WORK TO COMPLETE: Copy each line below exactly and leave the pictures out.

INFORMATION SUPPLIED Block Start

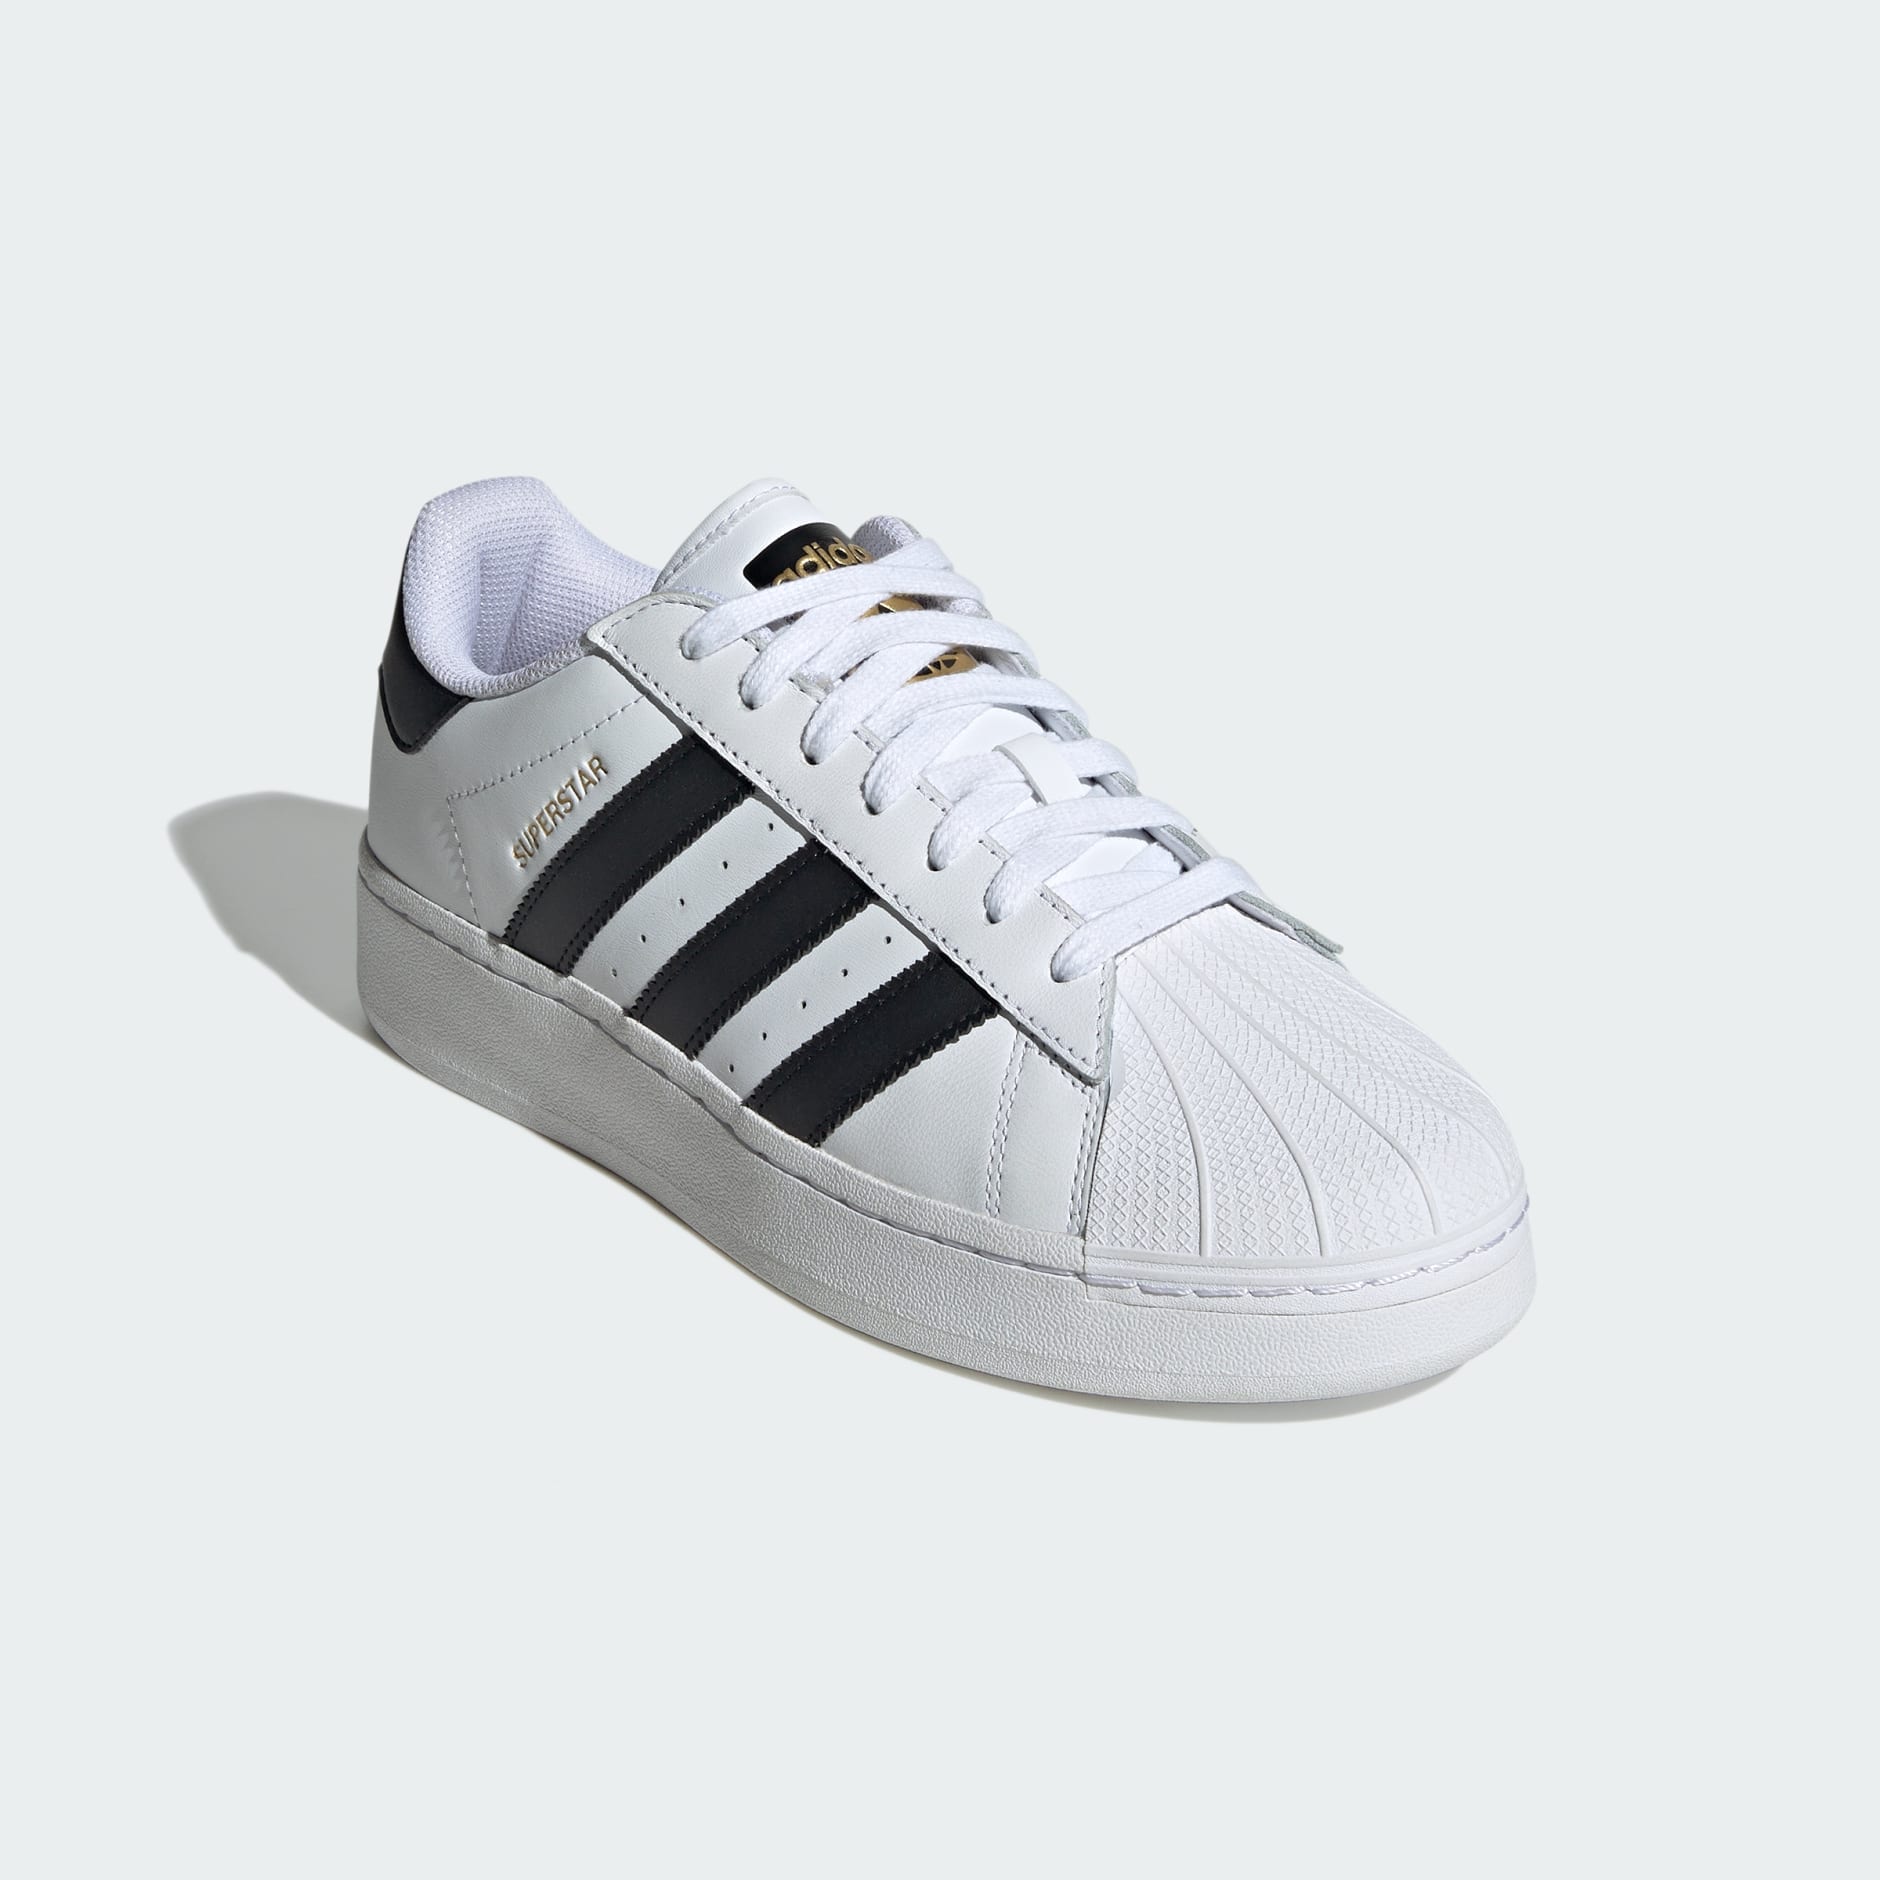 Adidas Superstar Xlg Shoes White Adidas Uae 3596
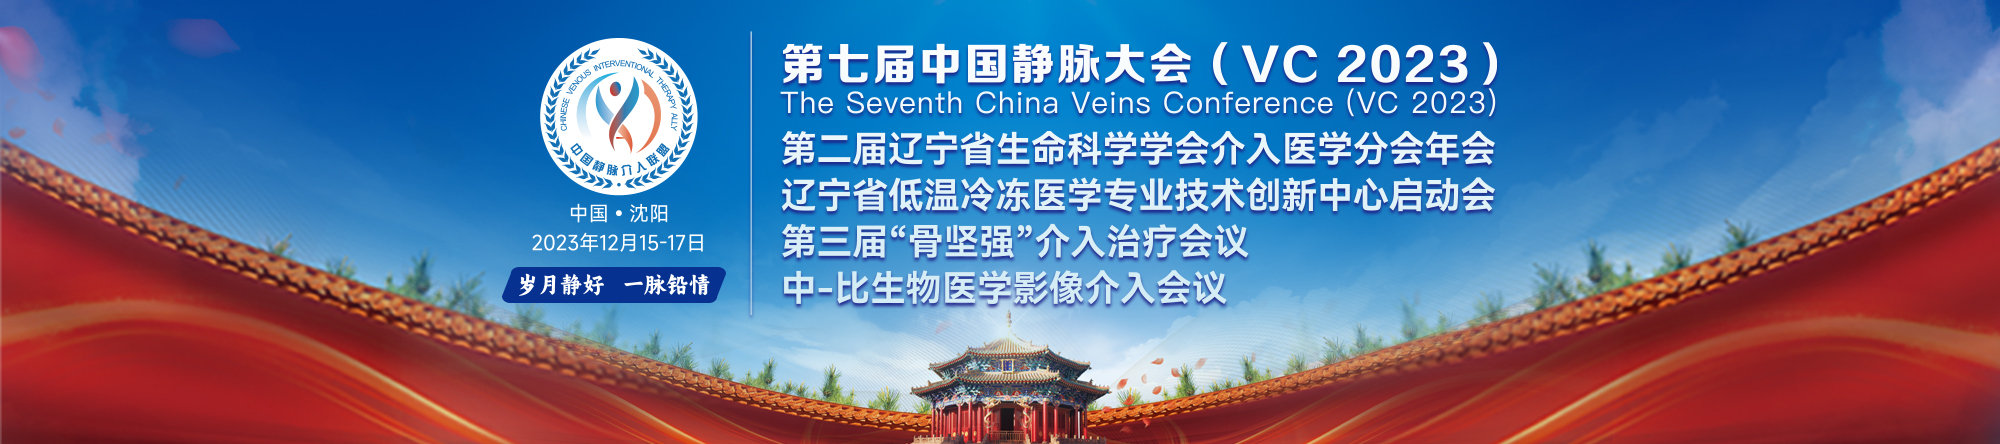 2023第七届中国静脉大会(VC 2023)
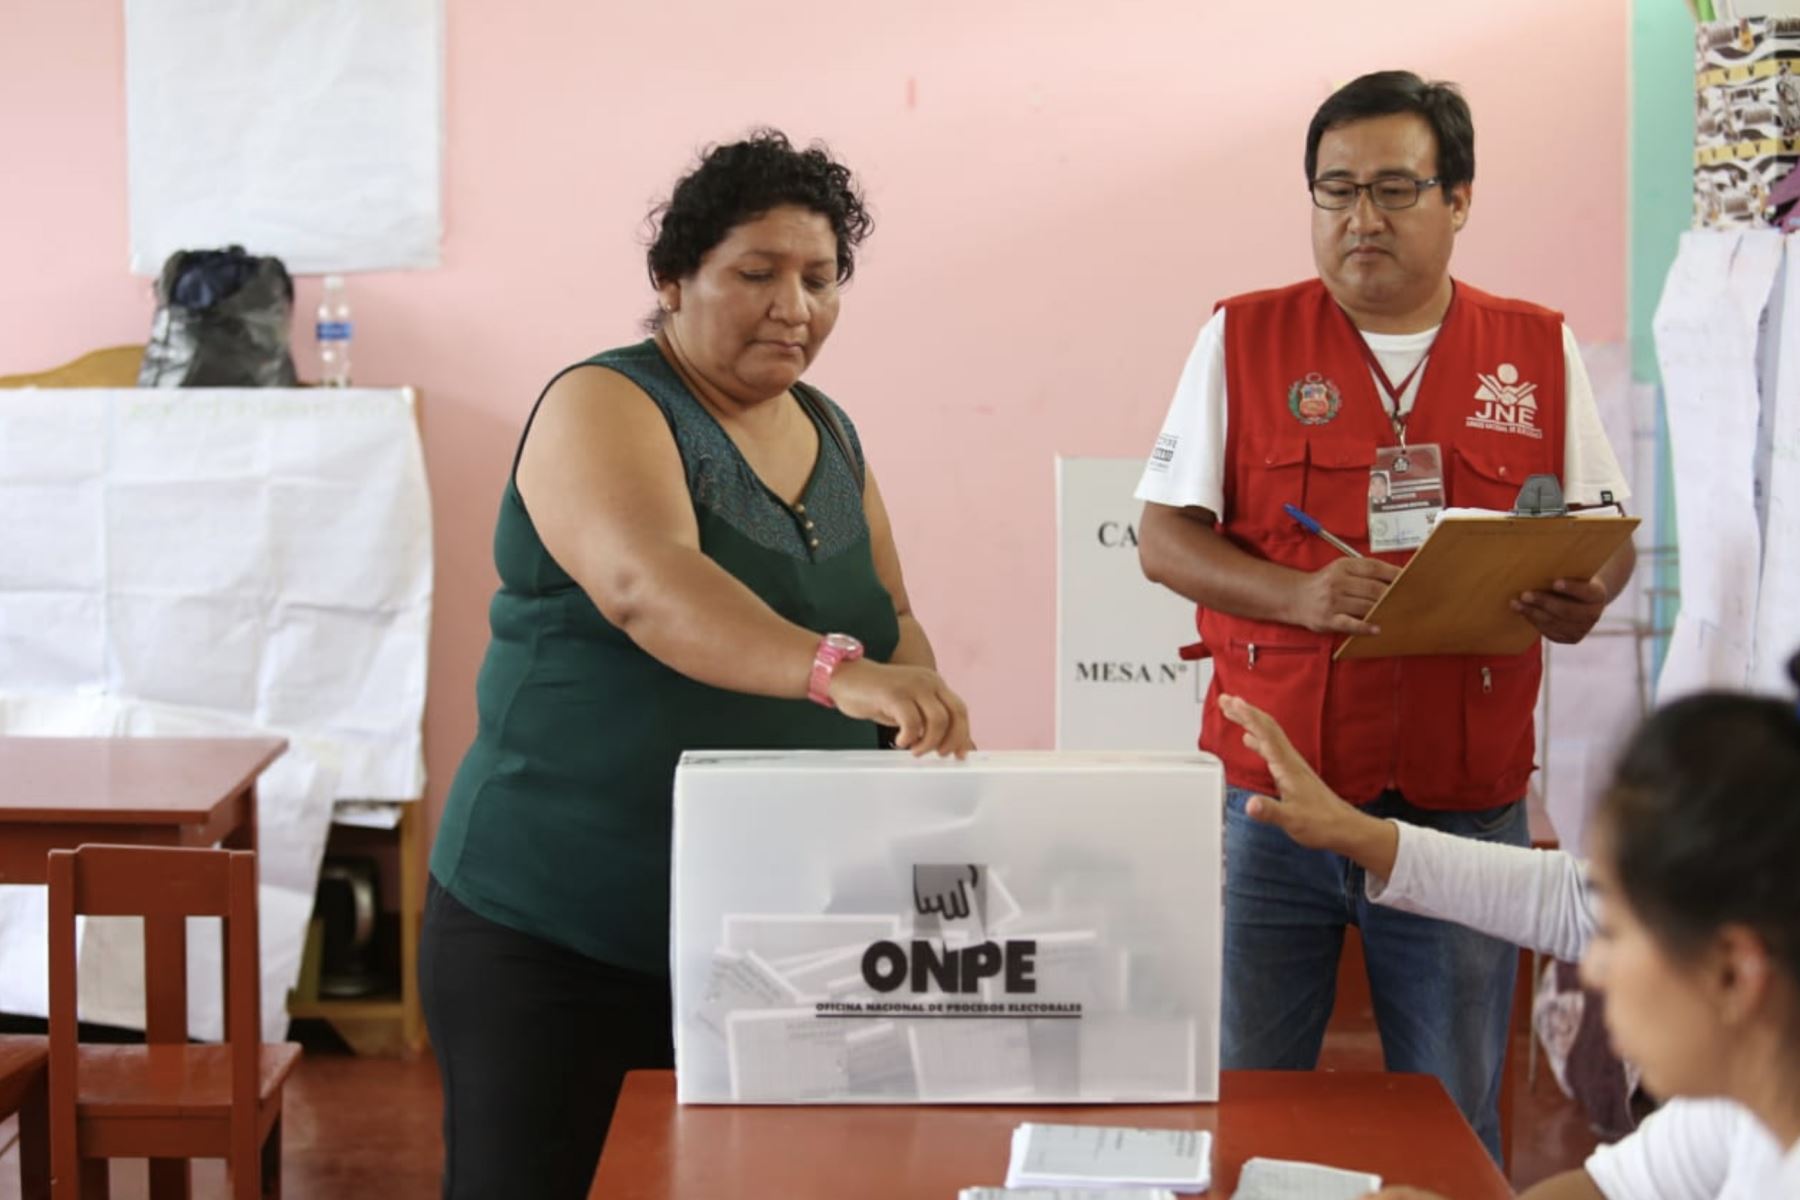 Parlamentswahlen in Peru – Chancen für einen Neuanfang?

INFORMATION SUPPLIED Block End

FINISHED EXERCISE:
 Adidas Superstar Xlg Shoes White Adidas Uae 3596
 2023第七届中国静脉大会(VC 2023)
 Parlamentswahlen in Peru – Chancen für einen Neuanfang?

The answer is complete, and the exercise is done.